#### [Source material]

>>>>>

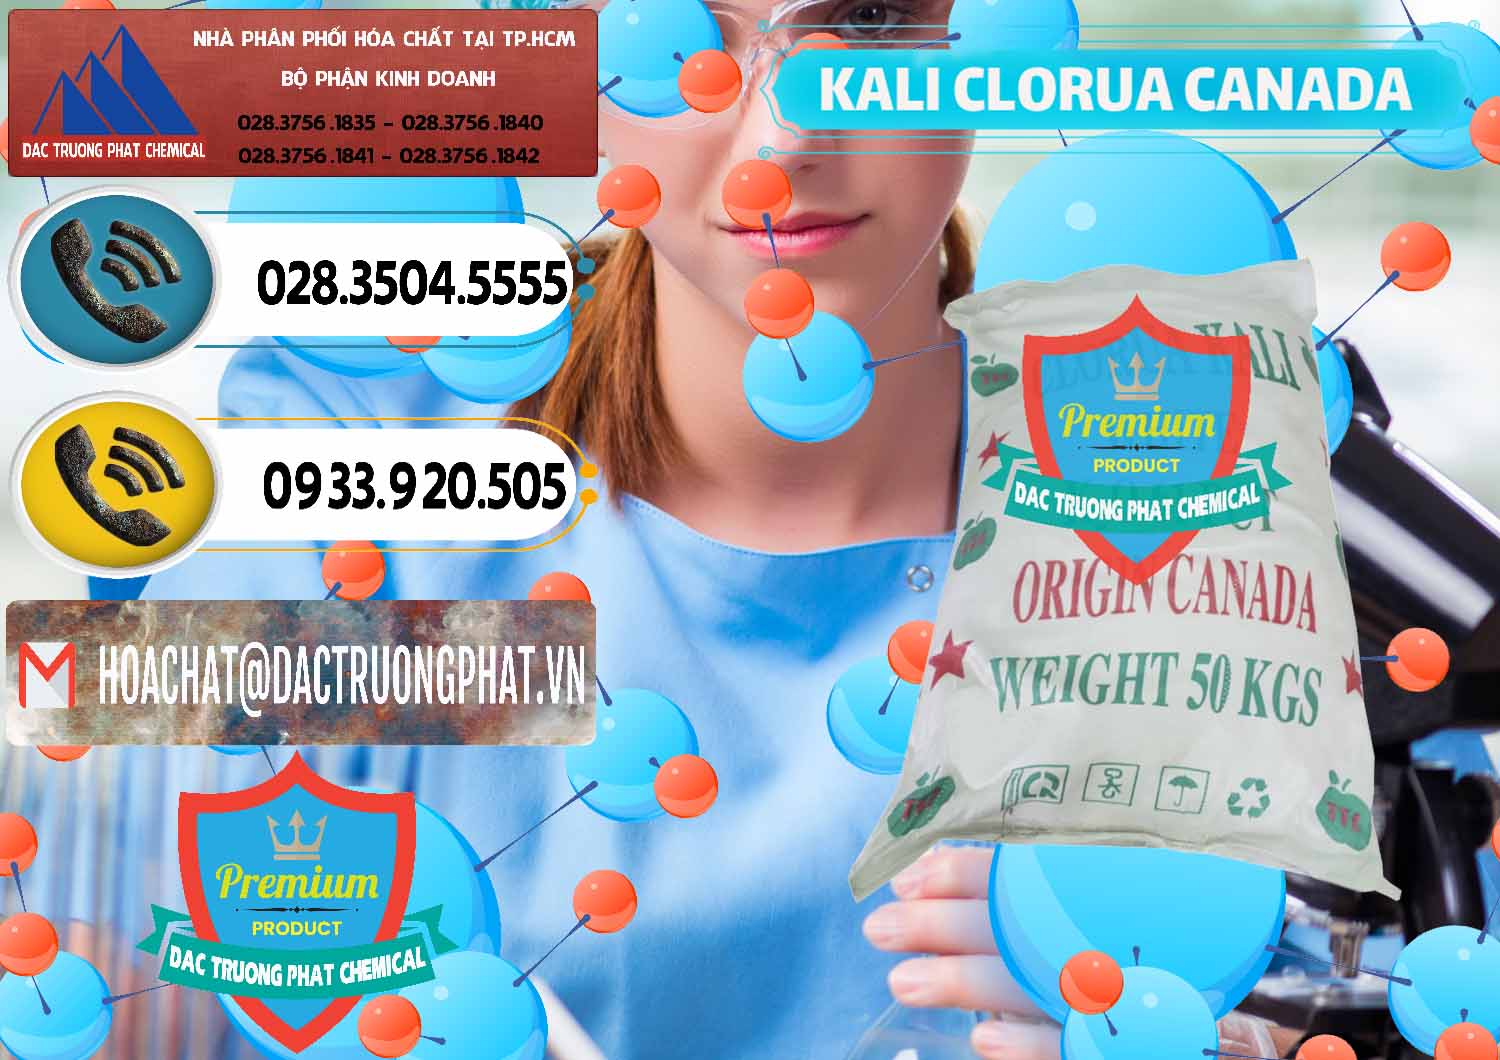 Nơi chuyên bán và cung cấp KCL – Kali Clorua Trắng Canada - 0437 - Công ty chuyên nhập khẩu - phân phối hóa chất tại TP.HCM - hoachatdetnhuom.vn
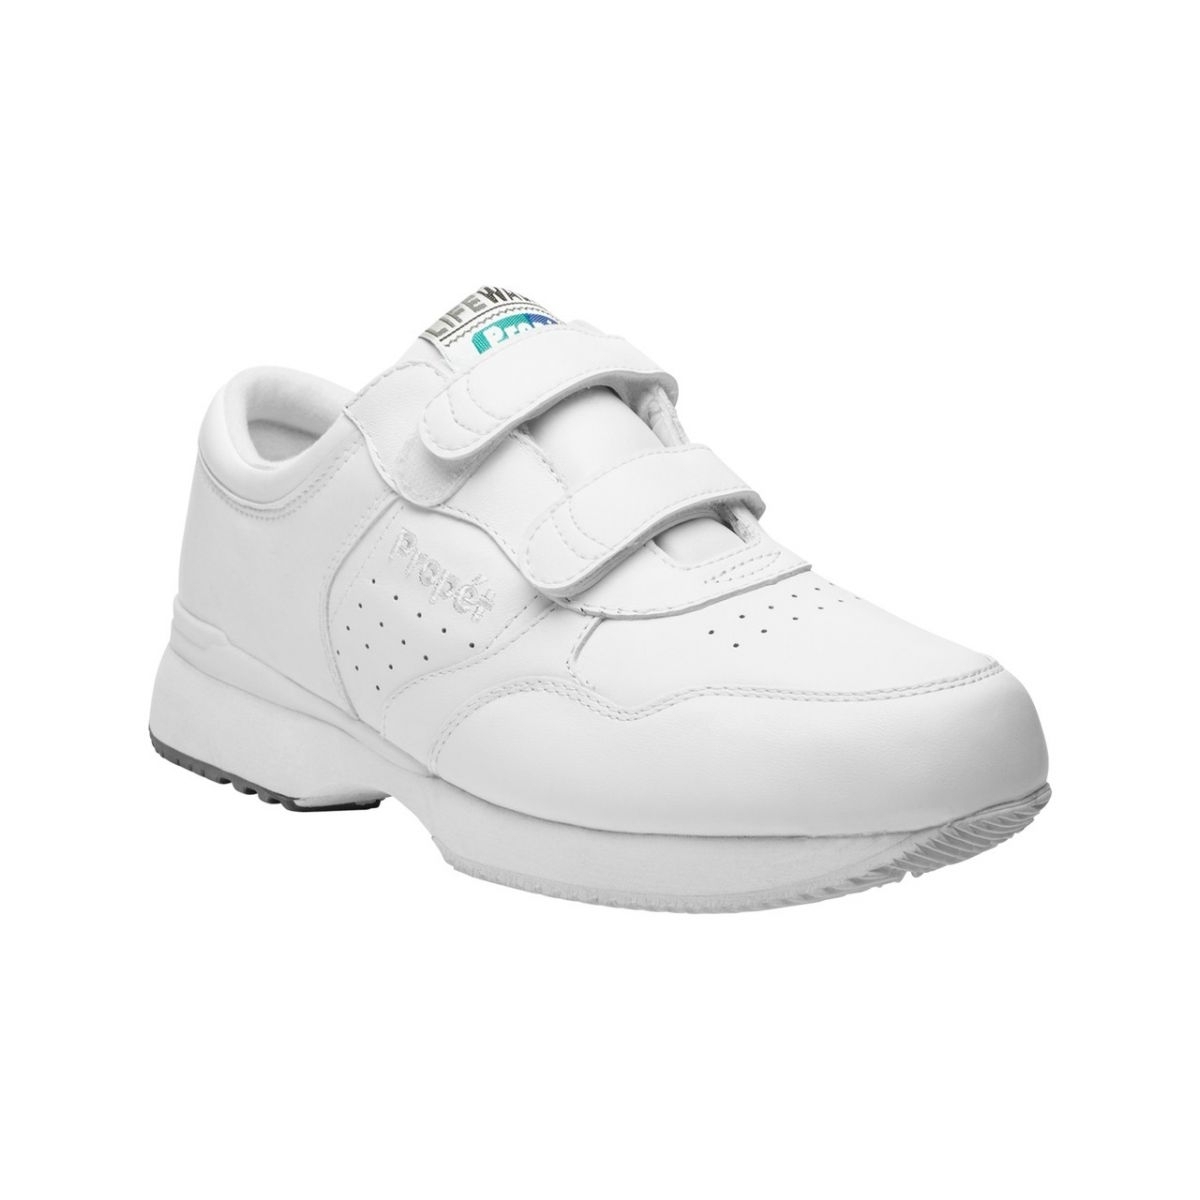 Propet Men's Life Walker Strap Shoe White - M3705WHT WHITE - WHITE, 18
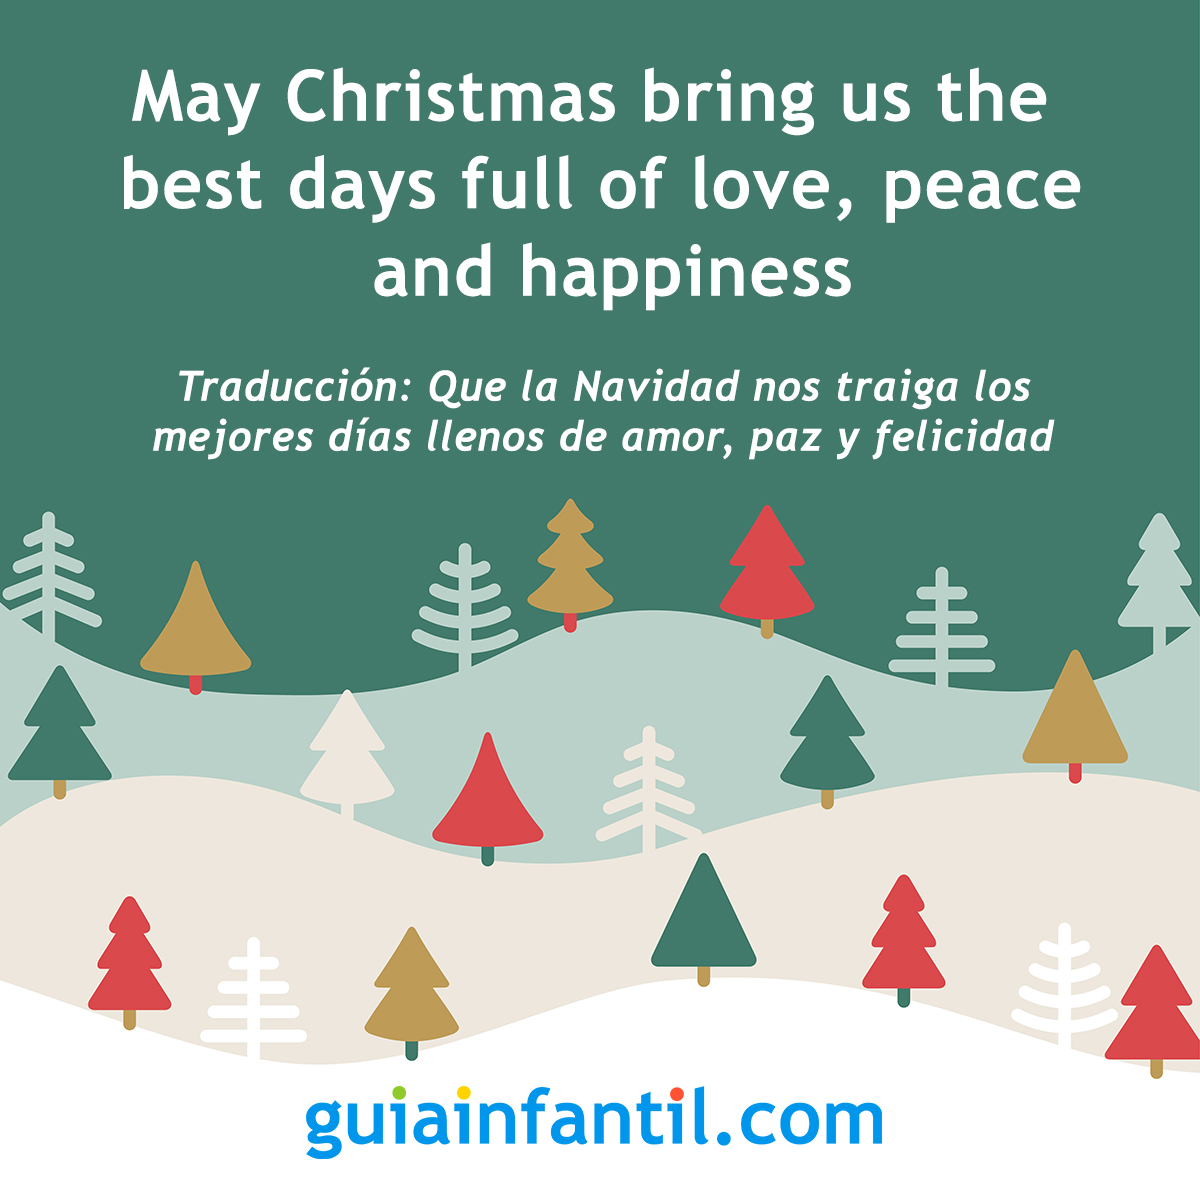 Compartir 76+ imagen oraciones sobre la navidad en ingles

<<<<<

#### [To do]
Give back the listing word for word, minus its images.

#### [Output for this task]
 Nơi chuyên bán và cung cấp KCL – Kali Clorua Trắng Canada - 0437 - Công ty chuyên nhập khẩu - phân phối hóa chất tại TP.HCM - hoachatdetnhuom.vn
 Propet Men's Life Walker Strap Shoe White - M3705WHT WHITE - WHITE, 18
 Compartir 76+ imagen oraciones sobre la navidad en ingles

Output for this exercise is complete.